Quarantine rooms looked pretty similar from safe house to safe house. Den had sat in Rory's chair before. He'd watched people die from that chair before. He remembered the teeth sinking into him, and the blood, and the way he'd clutched the two dollar necklace in his hand so hard that it had stabbed into him because if that was the end, that was the last thing he wanted to feel. Rory's news wasn't news. But Den was a little glad she'd said it anyway. It seemed like something that needed to be said out loud, even if they both already knew it. He just wasn't quite sure how to respond.
A part of him felt terrified. Completely, and utterly terrified. He remembered the last time he had been this terrified, but that was a different kind of terror. This was new. It attacked from a side just as deep, and almost as personal. He didn't want to die this way. If Den was going to die, he wanted to die as himself, and stay as himself. It was the last important thing he had.
But the other part of him, the stronger part, felt the unnerving calm that came with dead certainty. He knew he was terrified. He also knew it didn't matter. Den could feel anything and it wouldn't matter. The moment that zombie removed a piece of him, he stopped meaning anything, and unless that two weeks passed uneventful, he wouldn't mean anything again. Whatever happened was completely out of his hands now. It didn't make a difference how he felt about it, and that gave him a weird, overwhelming sense of nonchalance. Den was terrified, but he didn't care. He just cared that Rory was right there.

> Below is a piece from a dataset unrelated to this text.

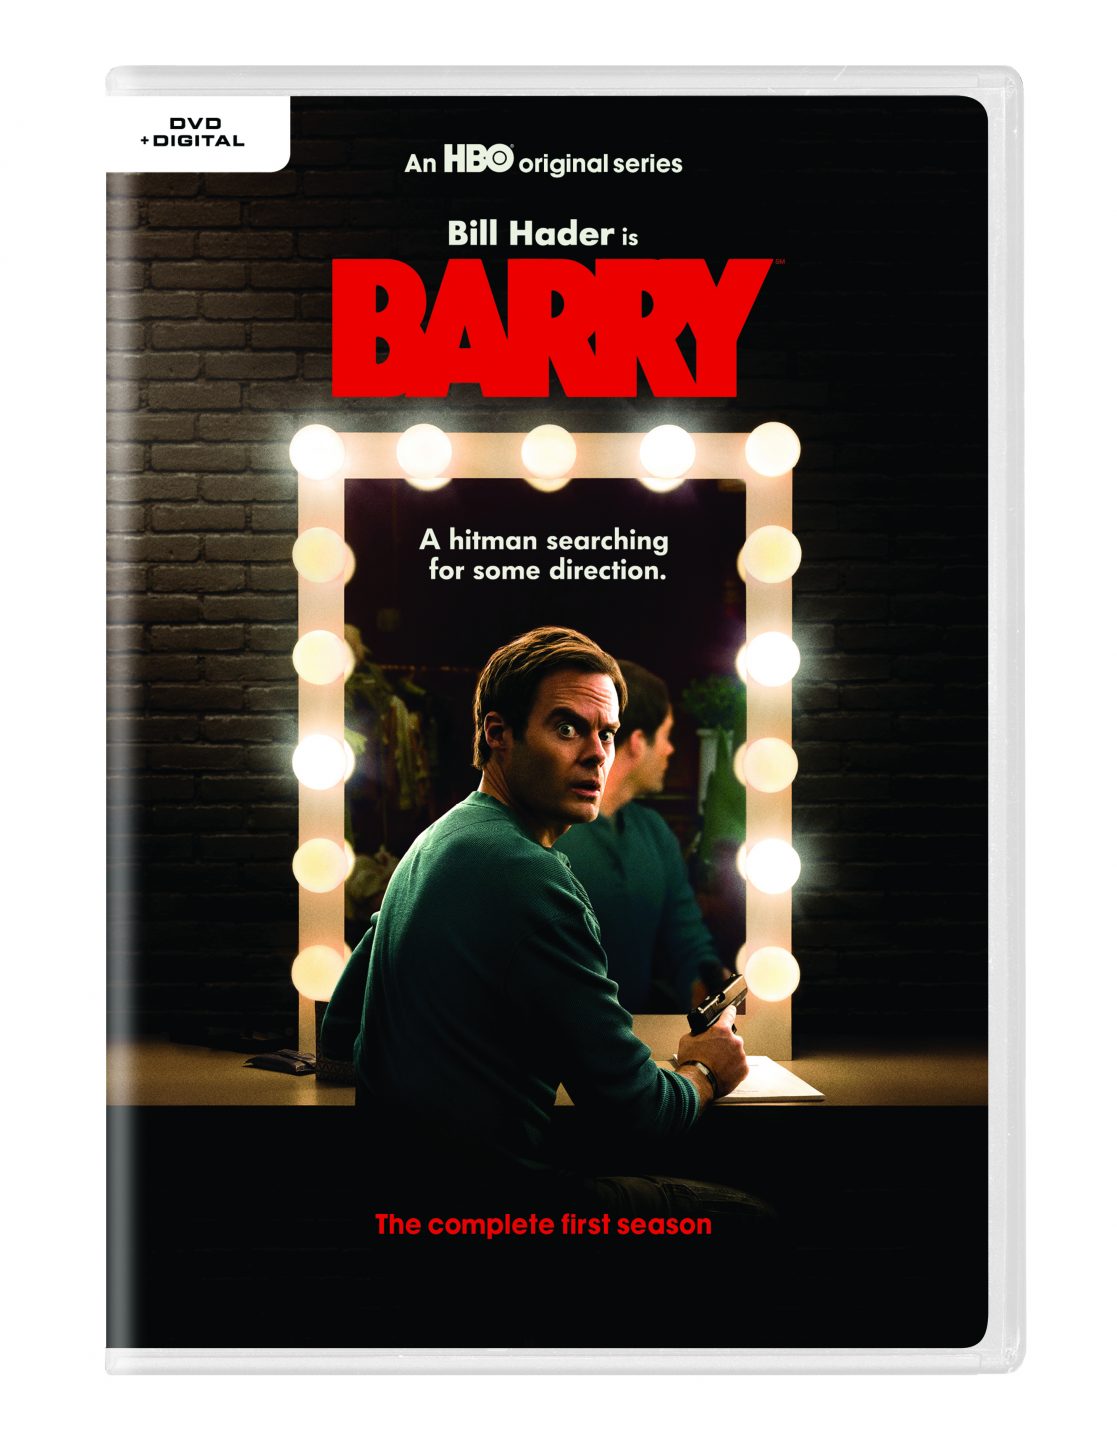 Barry; The Complete First Season DVD cover (HBO)

He wished he'd died the night before when he'd been bleeding out. He wished they'd just stood there sipping coffee and discussing sports while the blood seeped out of him. Except then it dawned on him that Rory was a doctor, which meant that she'd probably been the one who....No! He really wished he'd died before that could happen. He wished the zombie had been polite enough to finish eating him. Den had failed Rory as a brother. She'd needed a grand gesture, and he'd given her a bunch of tiny inconsequential ones instead. And then he'd just given up. He'd failed her. He hadn't done a single thing right with Rory. He'd never even figured out what the right thing was. The very least Den could have done for her was not saddle her with this. He could have at least died where she couldn't watch.
He just kept looking at her, like he still didn't quite believe she was there. “Sorry,” he replied.